Dont pay any attention to % chances, its BS. It changes throughout the day and is sometimes not even changed by a person its done by computer. For whatever reason, you cant put much weight on NWS's graphical forecast they change too much and your often better off watching the local tv station. Also if your on your local NWS webpage, click on the "Forecast Discussion" link. It will give you a much better idea of whats going on and its actually updated by a person multiple times a day. They should give you all senarios, and update more frequently when storms are on the way or in progress.


----------



## LwnmwrMan22 (Jan 20, 2005)

polarplowing said:


> I agree 110%!! Most of the time the N.W.S. doesn't know their head from their A##! In a period of 4 hours they went from 80% chance of 6" to 80% chance of less than 1" and then to 50% of 1-3". Really mad, we only got 1/2". Like your idea of rolling dice, hey who knows maybe they will get it right that way.
> 
> RYAN


The only thing you can use ANY weather site for, is for a generalization.
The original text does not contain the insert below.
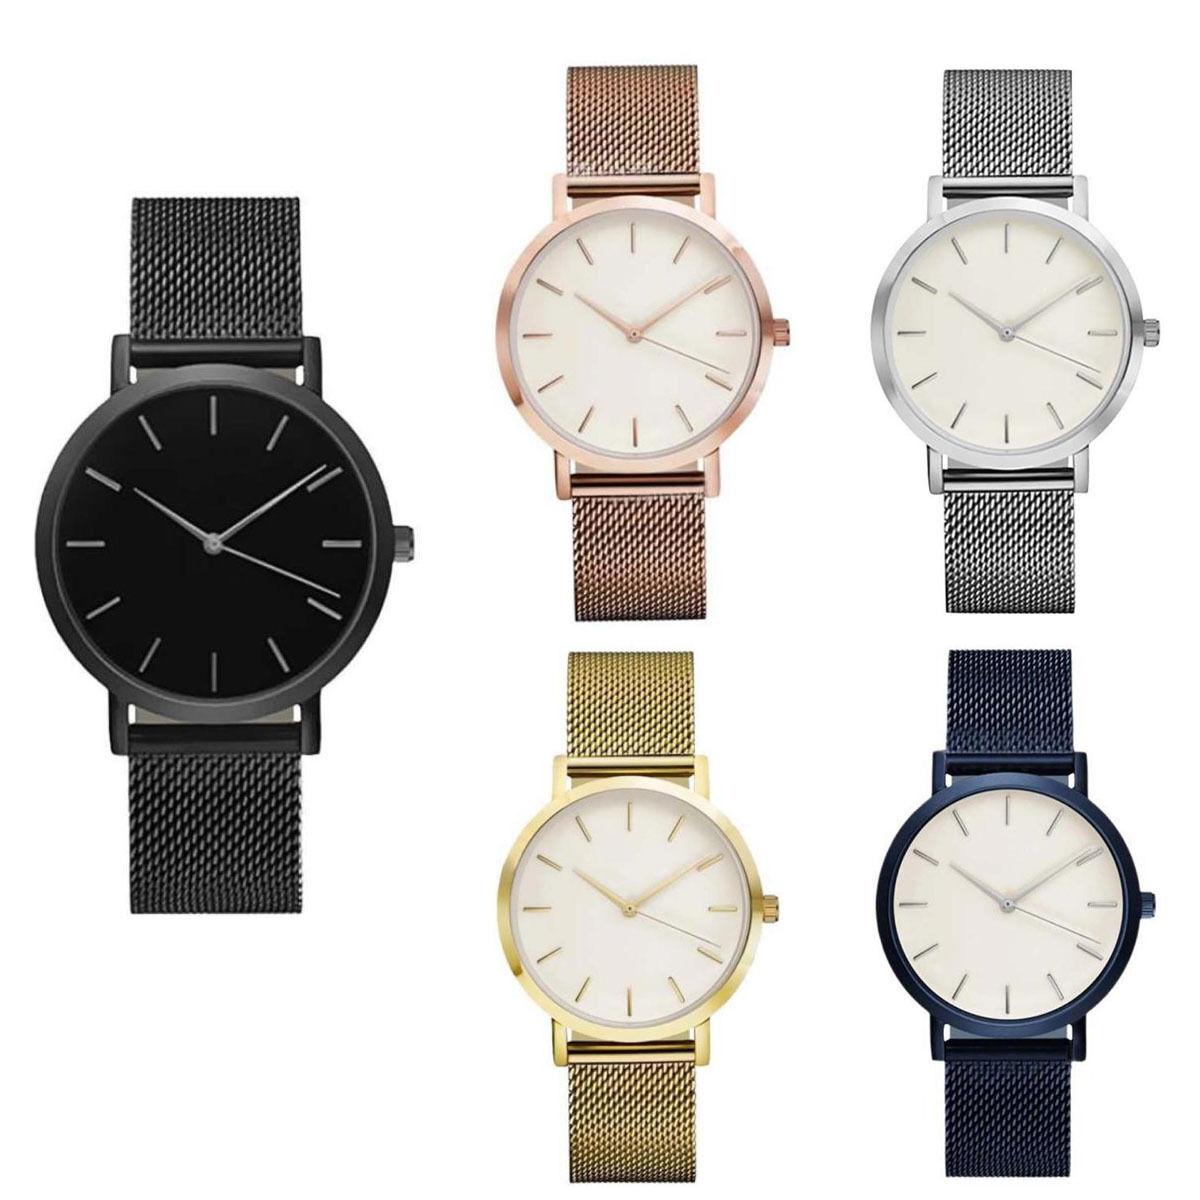 Classic Women's Men's Wrist Watch Steel Strap Quartz Casual Watches Wrist Watch
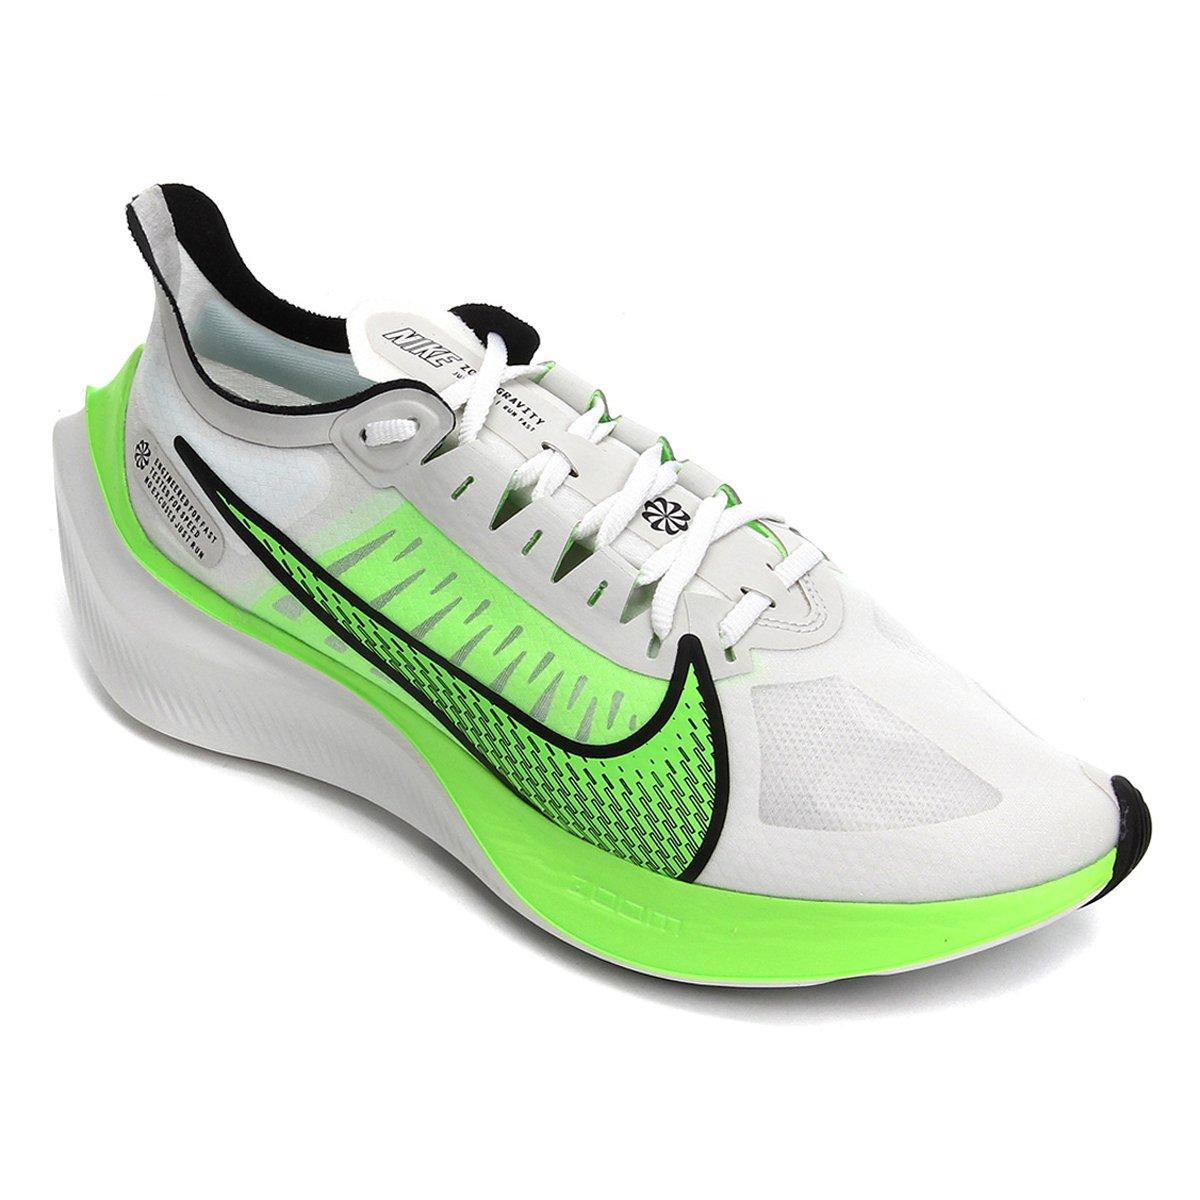 super popular linda zapatos elegantes nike verde

You can use it to know if there's a possibility that you might plow within the next 12 hours.

After that, you've got to learn to read your own local radar, a state wide area radar and a radar that covers at least 1/2 the nation, so you can tell what the storm is doing yourself.

If you're going to rely only on someone else, you might as well wait until the customer calls and wonders when you're going to plow.


----------



## qualitylawncare (Jan 16, 2004)

PetalsandPines said:


> Remove the dots from a pair of dice. On one replace with Sunny, Rainy, Snowy, Blizzard, Cloudy, Lake Effect. On the other replace with 50%, 100%, Could Be, Maybe, Chance. Hire one person in every major city to roll the dice and WAMMOOO there is your forecast. Obviously it would save us taxpayers millions of dollars. Probably would be 100% more accurate than the current system. And it would prevent me from wanting to strangle the local weathermen.:realmad:


I know how you feel man..

We heard:

6-10"+ on Thursday
then changed to 4-6" on Friday
then again to 2-5" on Saturday
last night I heard 2-3"
and we ended up with nothing natural. All we've gotten so far is lake effect.


----------